*** Opening Data for the task ***

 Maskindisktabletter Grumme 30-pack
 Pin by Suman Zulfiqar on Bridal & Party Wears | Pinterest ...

*** Closing Data for the task ***
*** Opening Data for the task ***

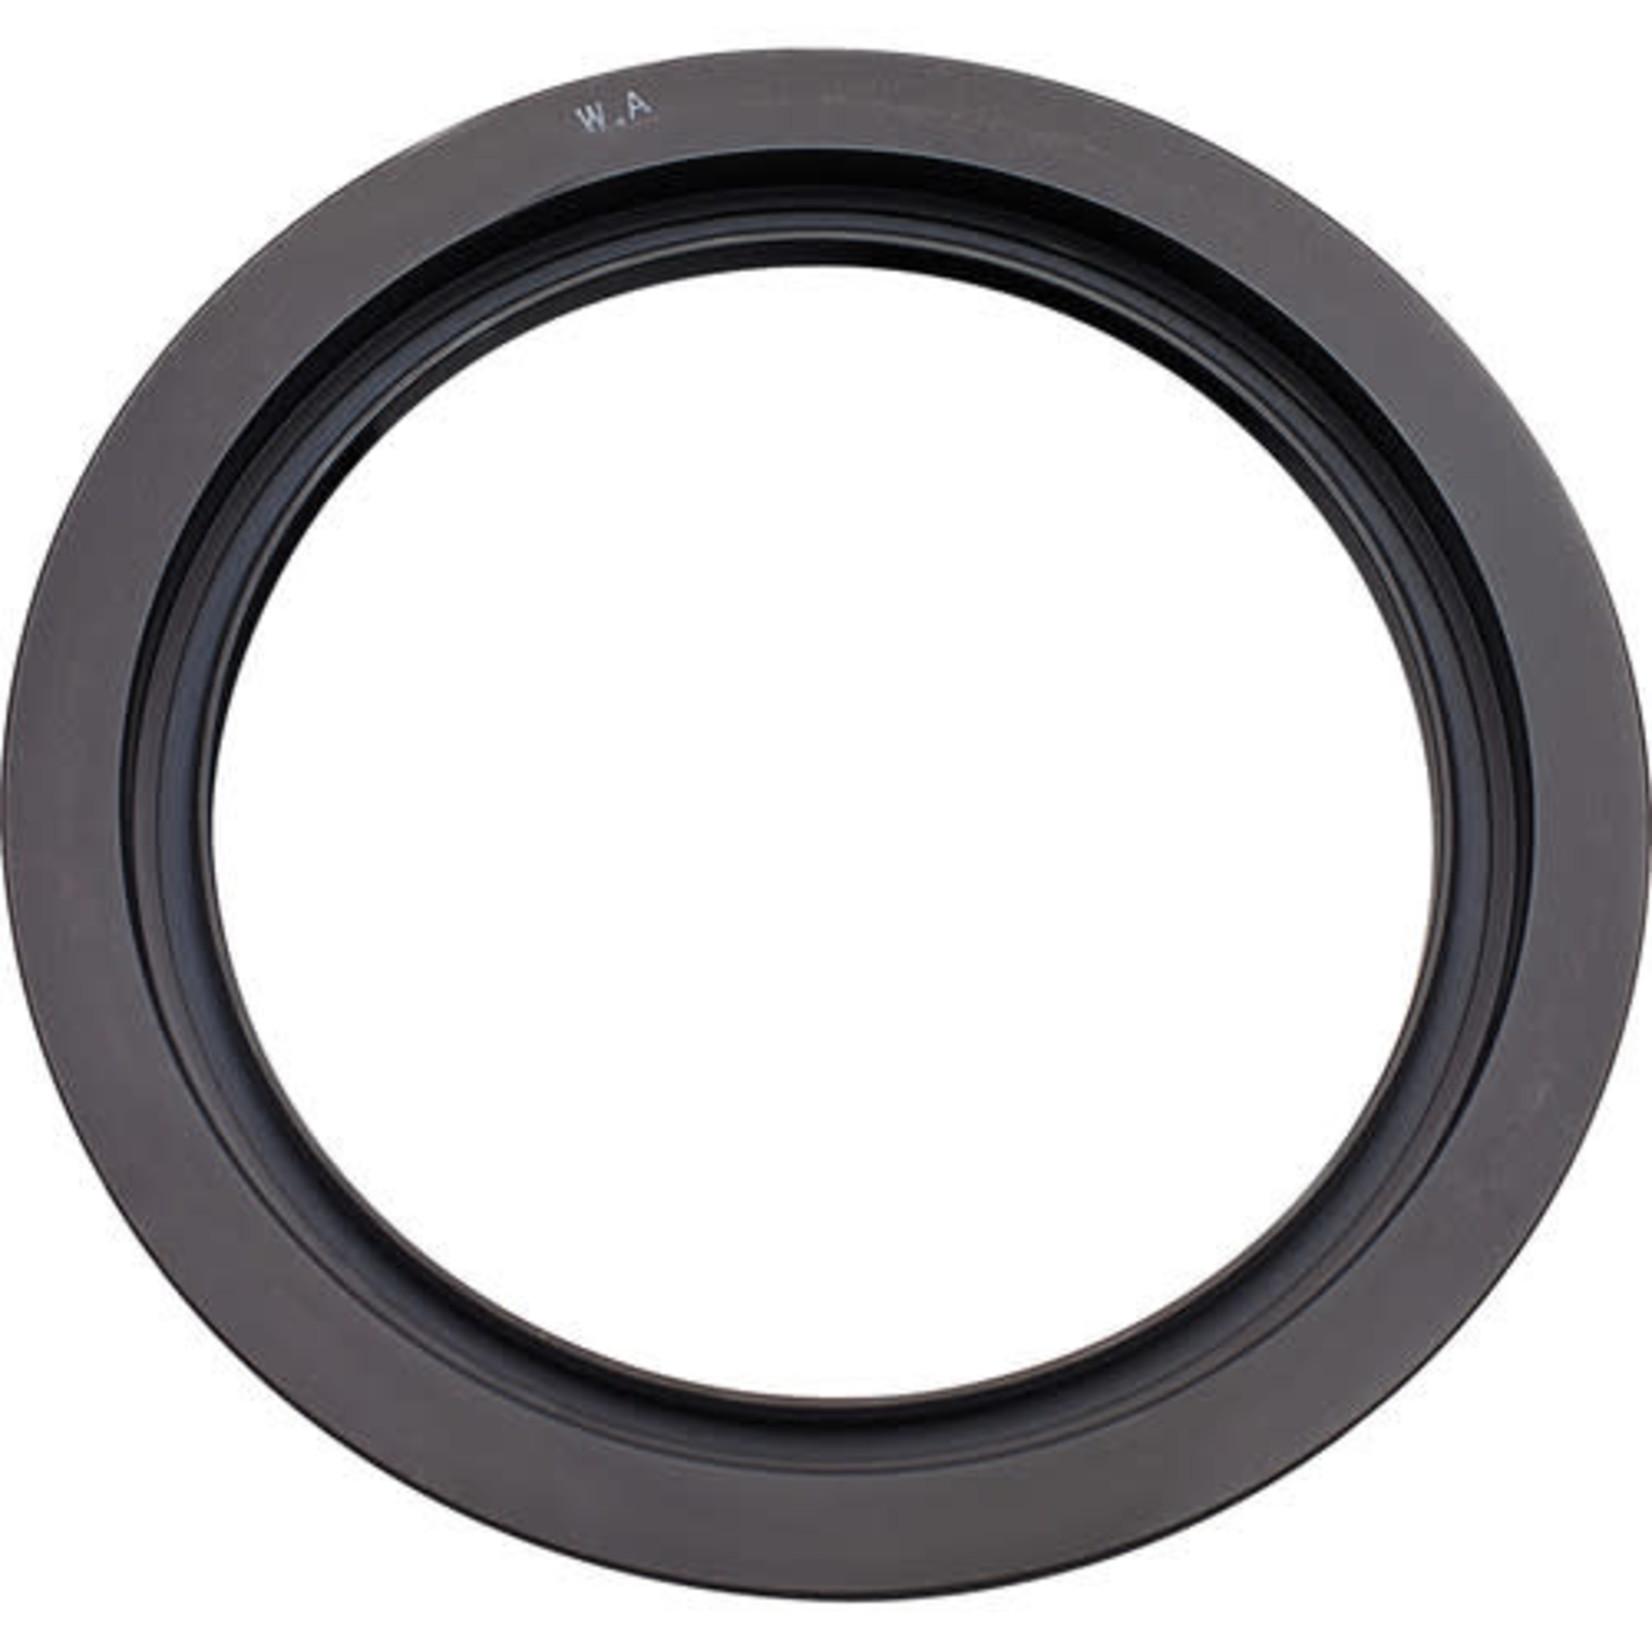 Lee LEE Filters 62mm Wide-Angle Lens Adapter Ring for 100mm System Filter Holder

*** Closing Data for the task ***
*** Opening Data for the task ***

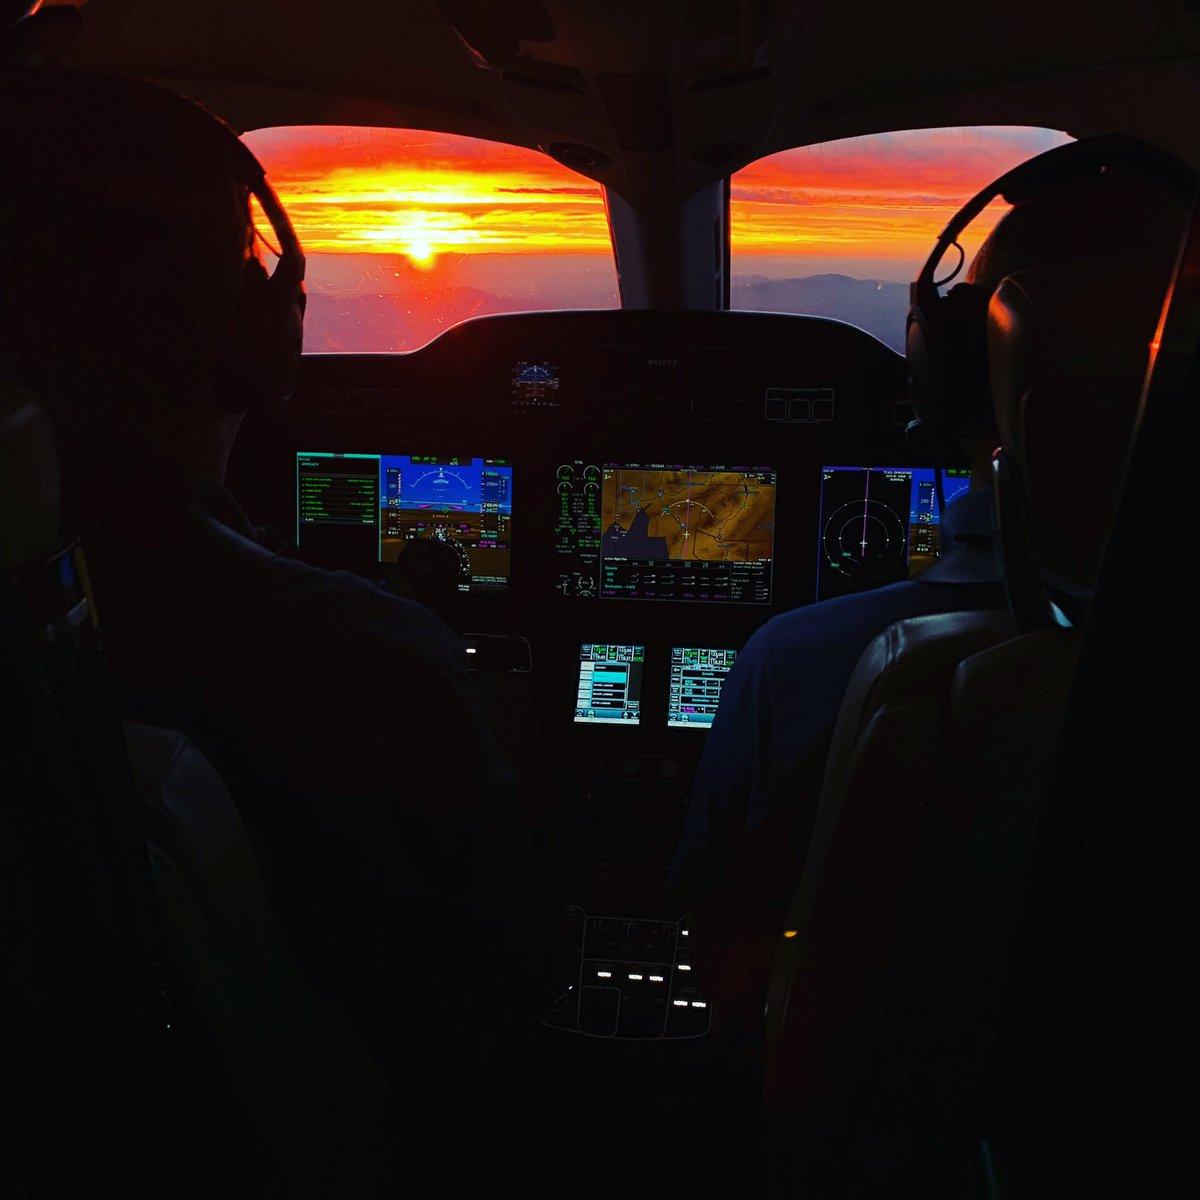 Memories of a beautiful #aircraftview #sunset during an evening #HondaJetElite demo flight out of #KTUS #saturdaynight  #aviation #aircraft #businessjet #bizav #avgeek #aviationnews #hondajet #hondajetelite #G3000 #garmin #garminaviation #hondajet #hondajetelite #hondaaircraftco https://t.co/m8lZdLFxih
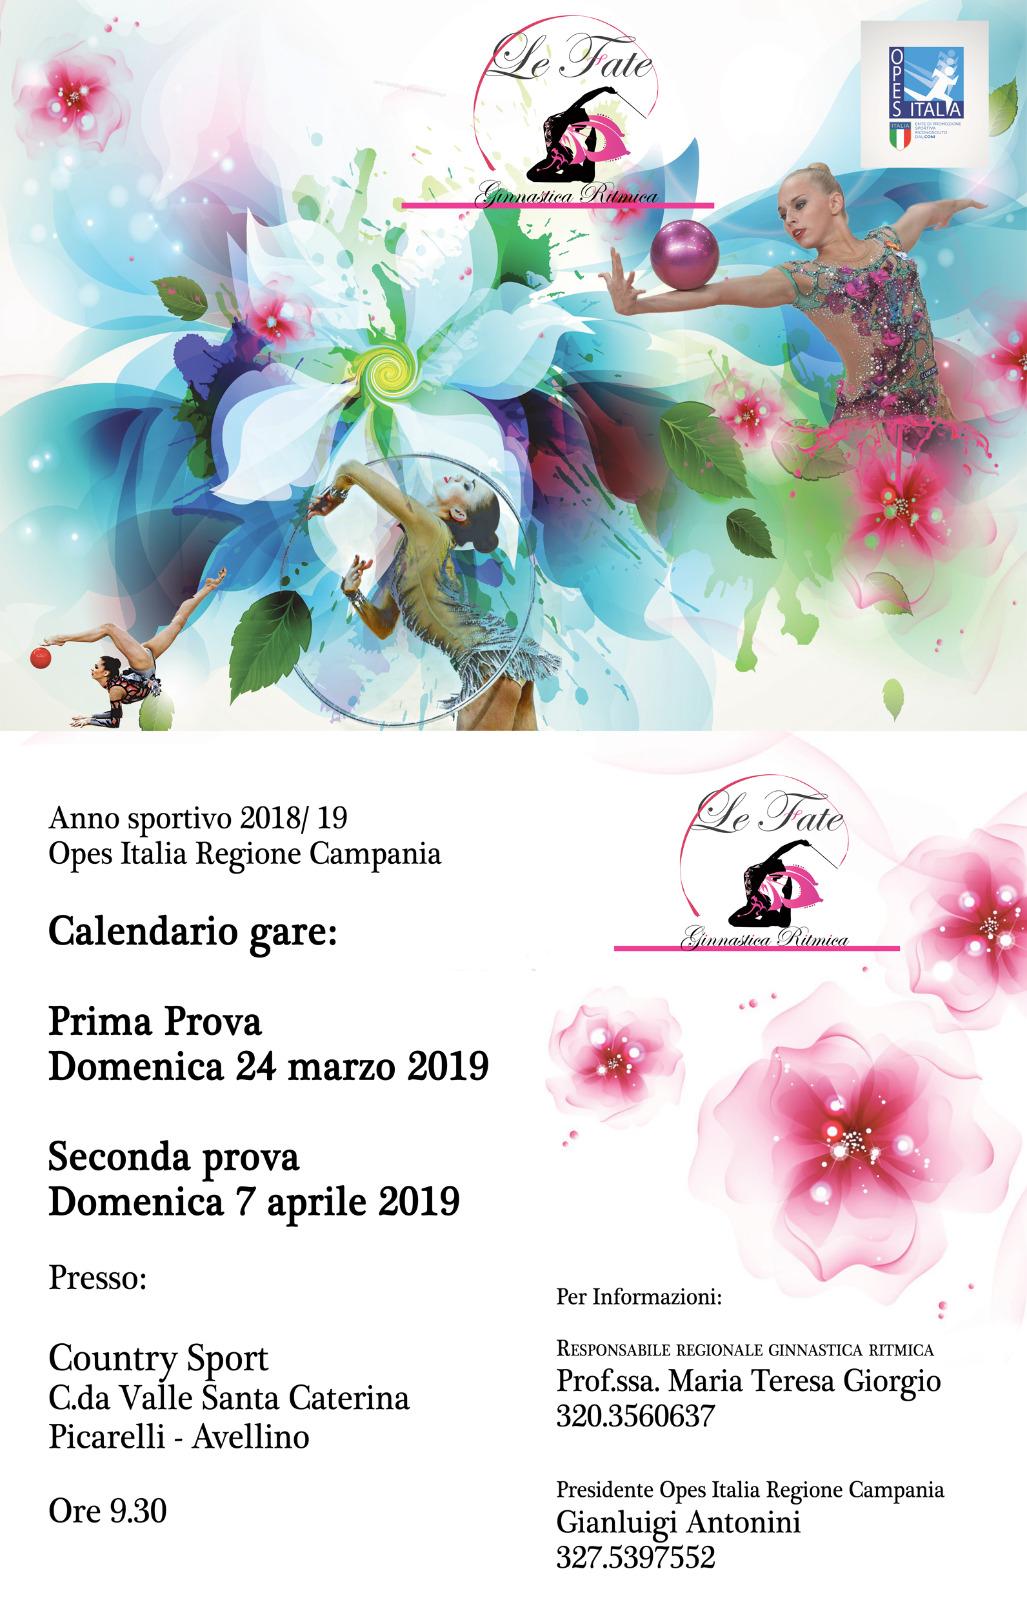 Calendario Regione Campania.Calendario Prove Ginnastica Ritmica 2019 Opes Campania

*** Closing Data for the task ***

* _Exercise description_:
Which lines run from the one holding "Maskindisktabletter Grumme 30-pack" through the one holding "Pin by Suman" in the records above? Repeat them exactly, both included, and nothing more.

* _Result of this exercise_:
 Maskindisktabletter Grumme 30-pack
 Pin by Suman Zulfiqar on Bridal & Party Wears | Pinterest ...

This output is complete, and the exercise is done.